Coming back to it - what about the "polypill" :)? What's different vs the
"common.sql" way of doing it ? How do we think it can work ?

On Thu, Feb 22, 2024 at 1:58 PM Jarek Potiuk <ja...@potiuk.com> wrote:

> > The symbolic link approach seems to disregard all the external
> providers, unless I misunderstand it.
>
> Not really. It just does not make it easy for the external providers to
> use it "fast".  They can still - if they want to just manually copy those
> utils from the latest version of Airflow if they want to use it. Almost by
> definition, those will be small, independent modules that can be simply
> copied as needed by whoever releases external providers - and they are also
> free to copy any older version if they want. That is a nice feature that
> makes them fully decoupled from the version of Airflow they are installed
> in (same as community providers). Or - if they want they can just import
> them from "airflow.provider_utils" - but then they have to add >= Airflow
> 2.9 if that util appeared in Airflow 2.9 (which is the main reason we want
> to use symbolic links - because due to our policies and promises, we do not
> want community providers to depend on latest version of Airflow in vast
> majority of cases.
>
> So this approach is also fully usable by external providers, but it
> requires some manual effort to copy the modules to their providers.
>
> > I like the polypill idea. A backport provider that brings new interfaces
> to providers without the actual functionalities.
>
> I would love to hear more about this, I think the "common.util" was
> exactly the kind of polyfill approach (with its own versioning
> complexities) but maybe I do not understand how such a polyfill provider
> would work. Say we want to add a new "urlparse" method usable for all
> providers. Could you explain how it would work - say:
>
> * we add "urlparse" in Airflow 2.9
> * some provider wants to use it in Airflow 2.7
>
> What providers, with what code/interfaces we would have to release in this
> case and what dependencies such providers that want to use it (both
> community and Airflow should have)?

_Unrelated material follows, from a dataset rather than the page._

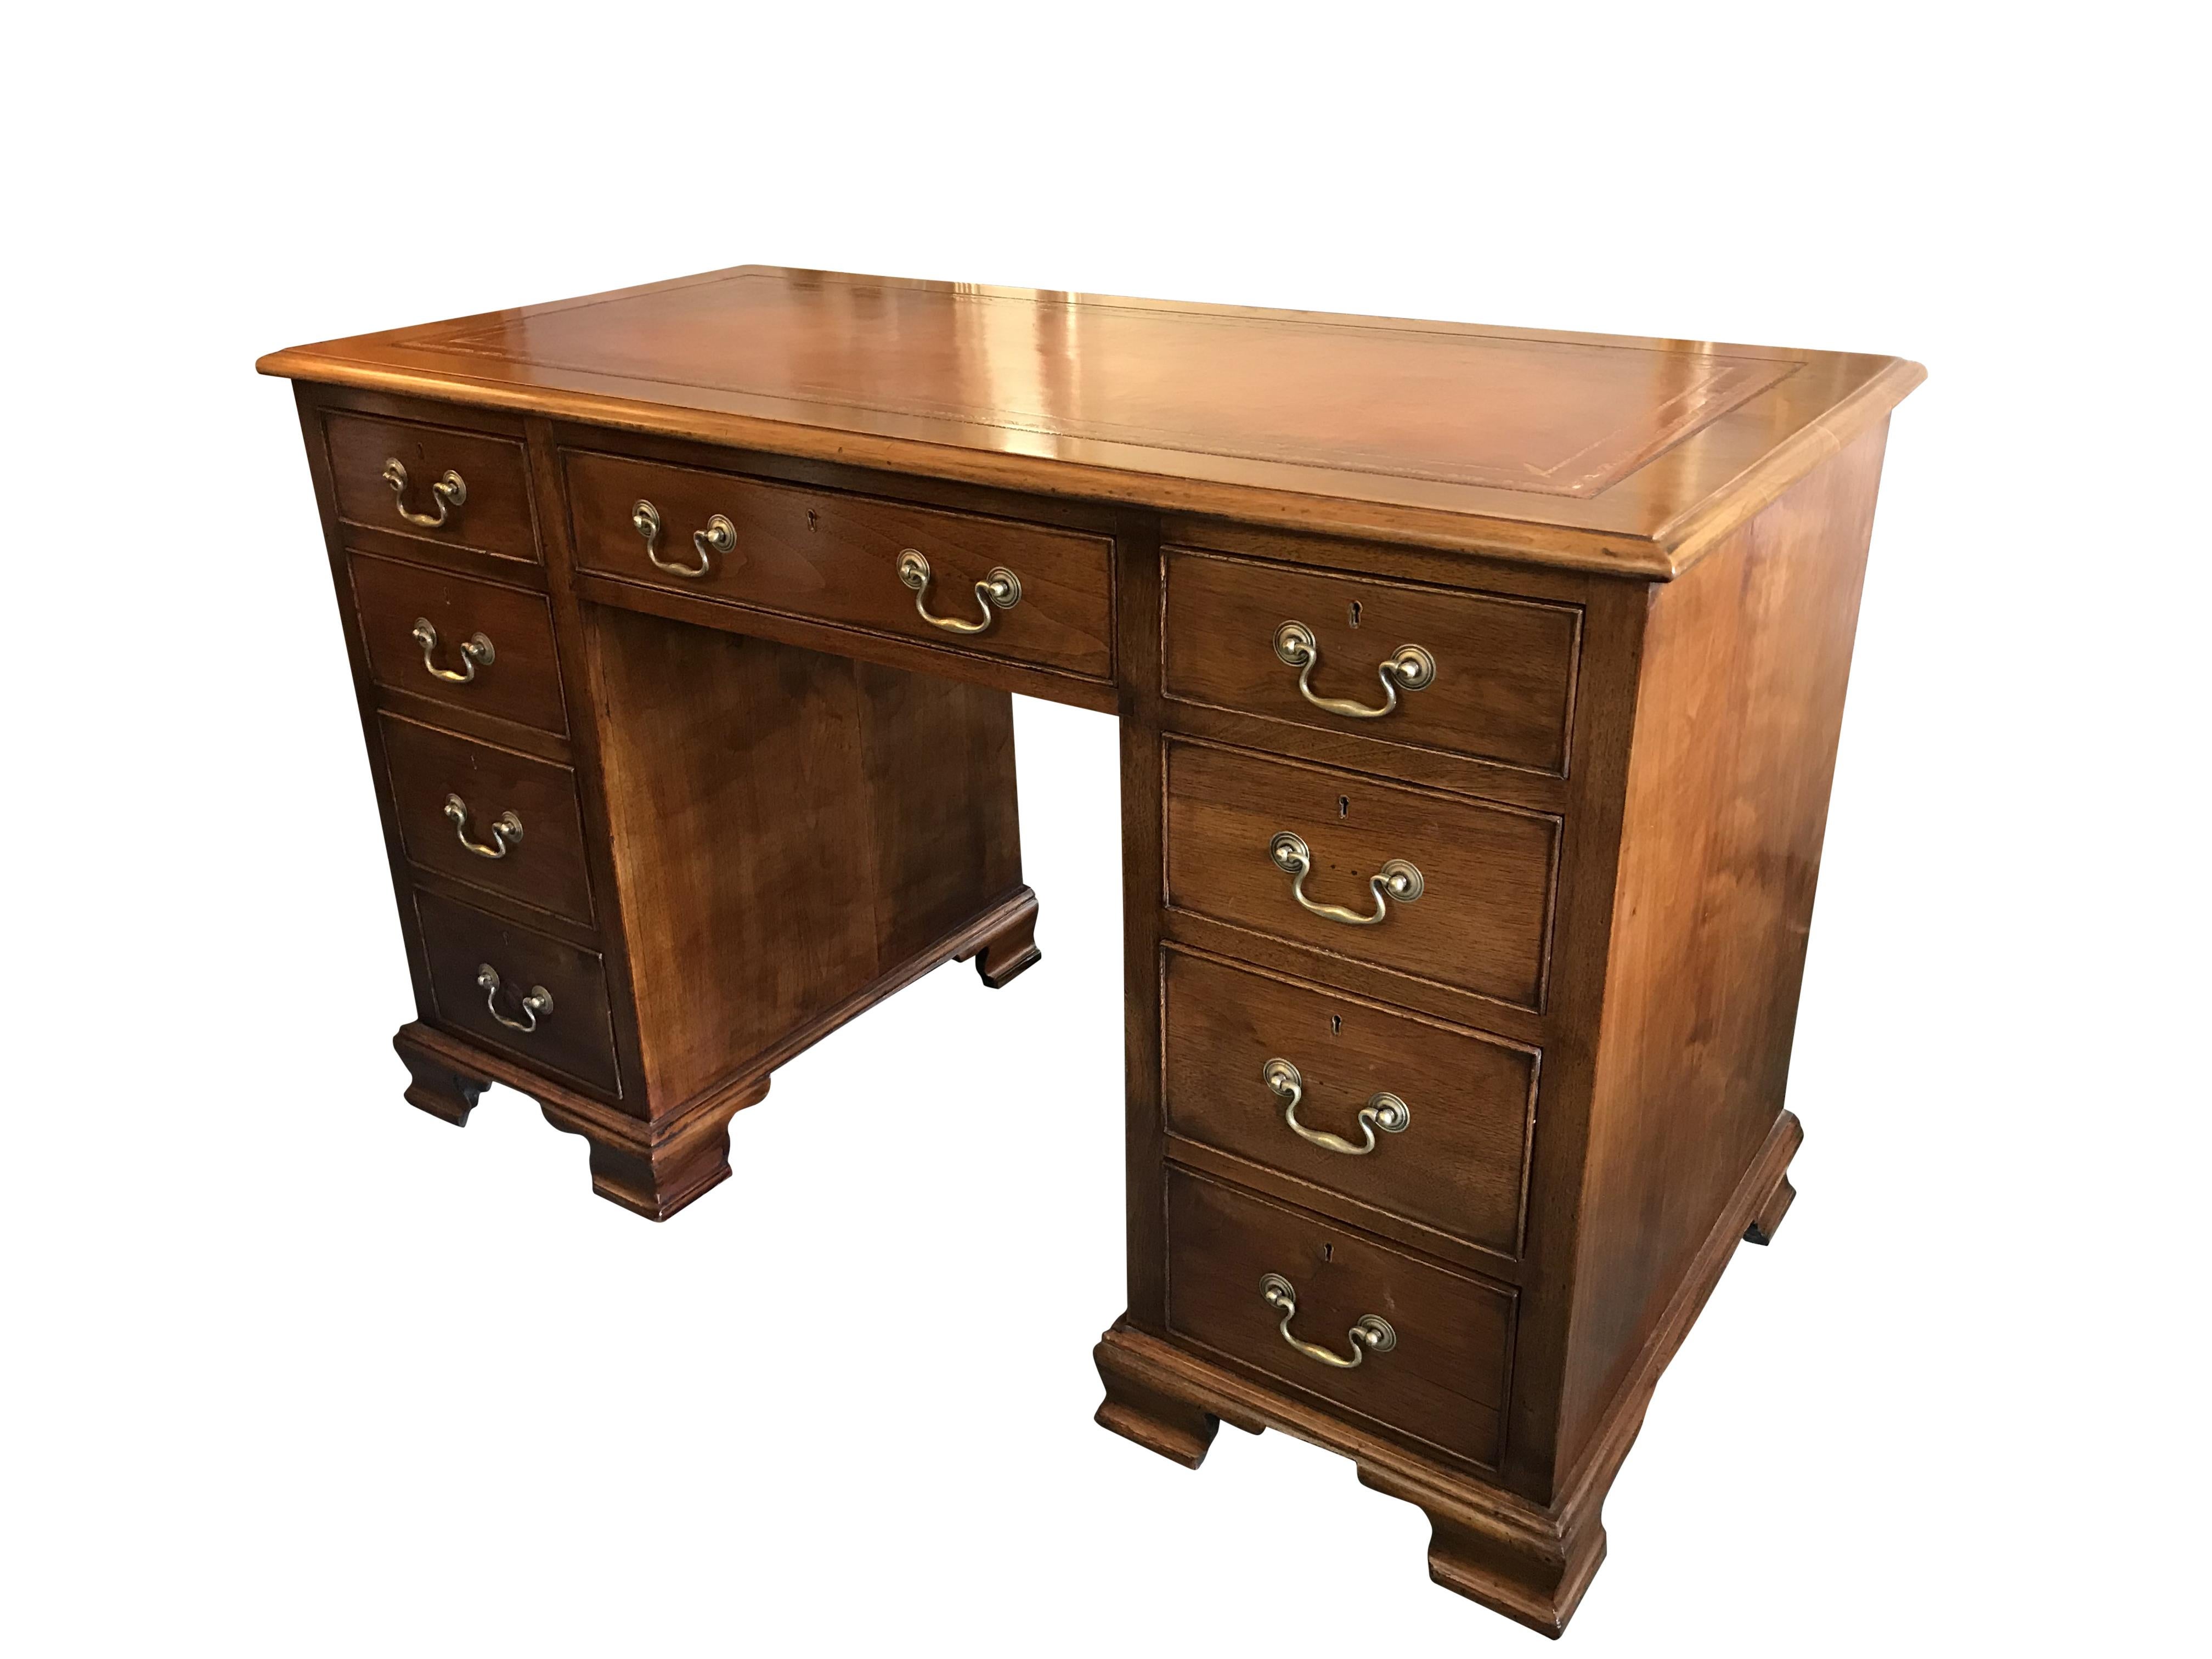 1920s Georgian style twin pedestal one piece kneehole desk with swan neck handles and nine deep drawers, ending on ogee feet. Leather top with gilt tooling is in immaculate condition, as recently replaced by a master craftsman. 

All locks in good

I **think** that would mean exactly the
> "common.<something>" approach we already have with "io" and "sql", but
> maybe I do not understand it :)
>
> On Thu, Feb 22, 2024 at 1:45 PM Tzu-ping Chung <t...@astronomer.io.invalid>
> wrote:
>
>> I like the polypill idea. A backport provider that brings new interfaces
>> to providers without the actual functionalities.
>>
>>
>> > On 22 Feb 2024, at 20:41, Maciej Obuchowski <mobuchow...@apache.org>
>> wrote:
>> >
>> >> That's why I generally do
>> > not like the "util" approach because common packaging introduces
>> > unnecessary coupling (you have to upgrade independent utils together).
>> >
>> > From my experience with releasing OpenLineage where we do things
>> similarly:
>> > I think that's the advantage of it, but only _if_ you can release those
>> > together.
>> > With "build-in" providers it makes sense, but could be burdensome if
>> > "external"
>> > ones would depend on that functionality.
>> >
>> >> I know it's not been the original idea behind providers, but - after
>> > testing common.sql and now also having common.io, seems like more and
>> more
>> > we would like to extract some common code that we would like providers
>> to
>> > use, but we refrain from it, because it will only be actually usable 6
>> > months after we introduce some common code.
>> >
>> > So, maybe better approach would be to introduce the functionality into
>> > core,
>> > and use common.X provider as "polyfill" (to borrow JS nomenclature)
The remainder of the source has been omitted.